Closed Bug 1413738 Opened 7 years ago Closed 7 years ago

Land Searchfox C++ indexer in mozilla-central

Categories

(Webtools :: Searchfox, defect)

defect
Not set
normal

Tracking

(firefox59 fixed)

RESOLVED FIXED
Tracking Status
firefox59 --- fixed

People

(Reporter: billm, Assigned: billm)

References

Details

Attachments

(2 files, 1 obsolete file)

There are big advantages to running the C++ indexing aspect of Searchfox in TaskCluster.
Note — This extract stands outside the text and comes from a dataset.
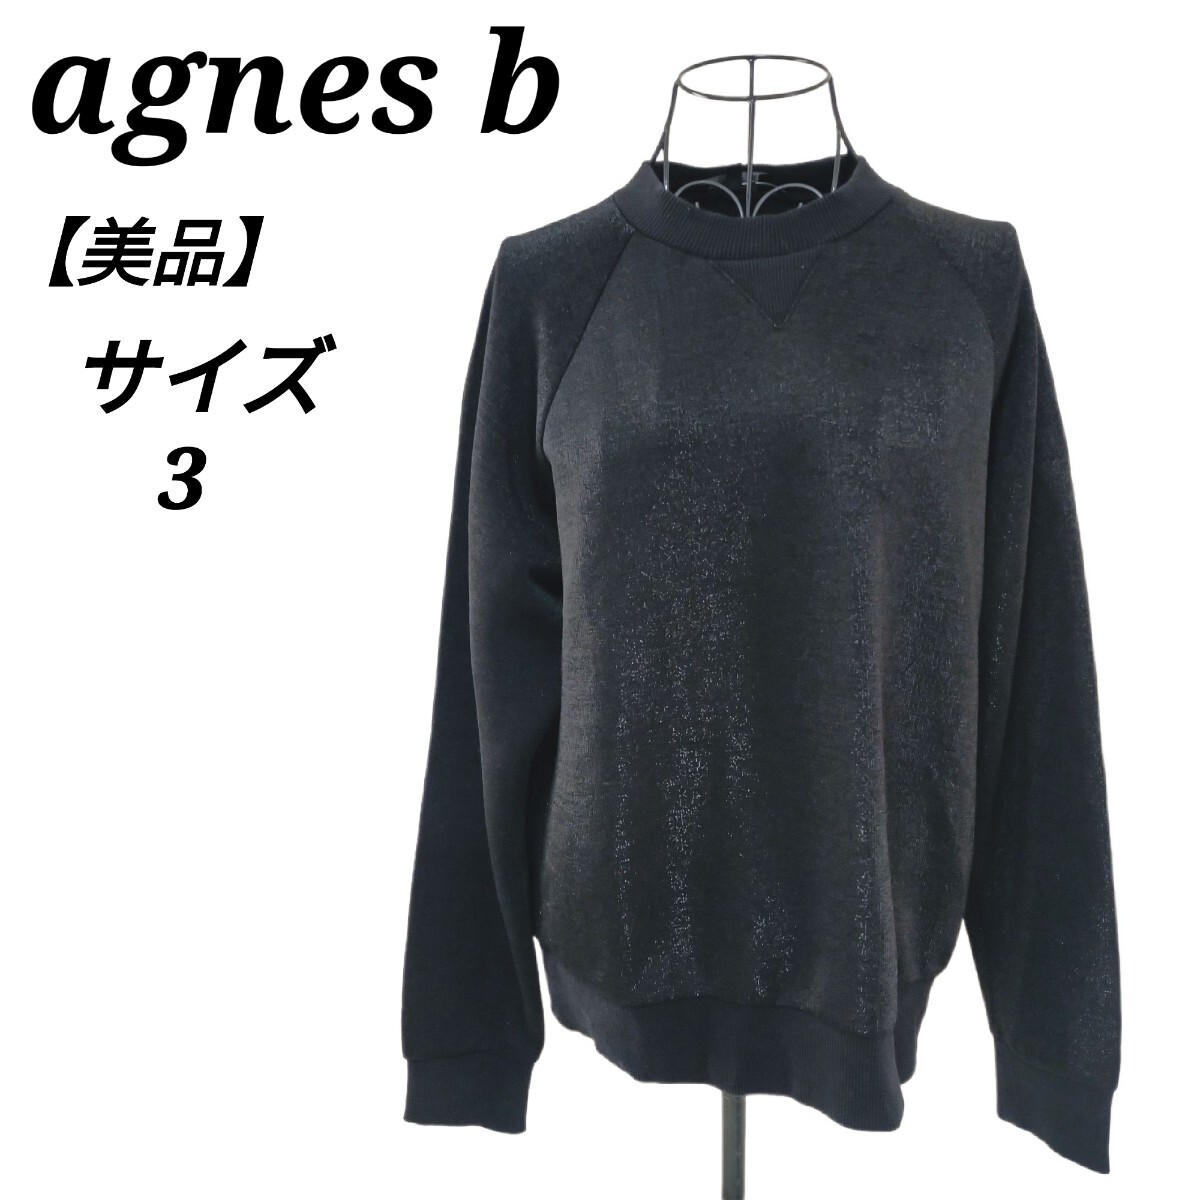  Agnes B agnes b beautiful goods black la gran sleeve sweat sweatshirt tops black color black 3 L corresponding lady's 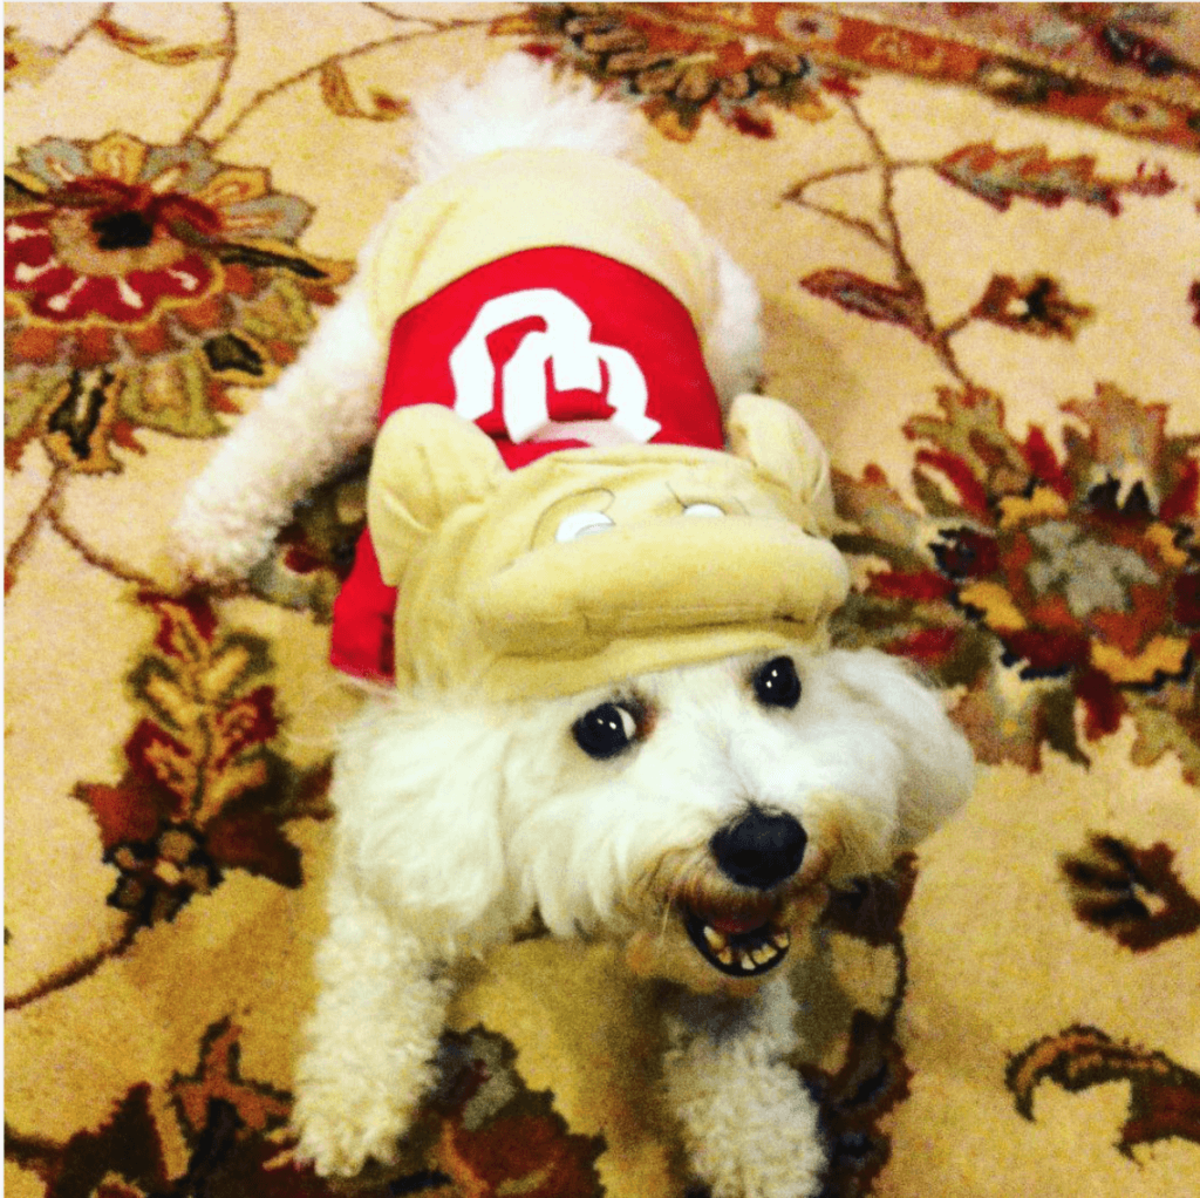 a dog wears a Oklahoma university costume.

1. It will be pretty easy to do the indexing on all platforms that support the Clang plugin, which is much better than the Linux-only approach that Searchfox and DXR currently use.

2. It will be a lot easier for people to develop on Searchfox since it will be in-tree.

3. Indexing is much less likely to fail when build requirements change (e.g., needing a new version of Rust or the compiler) since this sort of maintenance already gets done for TaskCluster builds.

This bug will just take care of the first step: landing the Searchfox indexer code in mozilla-central. I have patches to add TaskCluster builds, but I think it makes sense to do that in a separate bug.
Attached patch patch (obsolete) — Splinter Review
I'm just looking for some initial feedback on this. It piggybacks on top of the static analysis plugin for simplicity. I'm not sure if that's a good idea long-term.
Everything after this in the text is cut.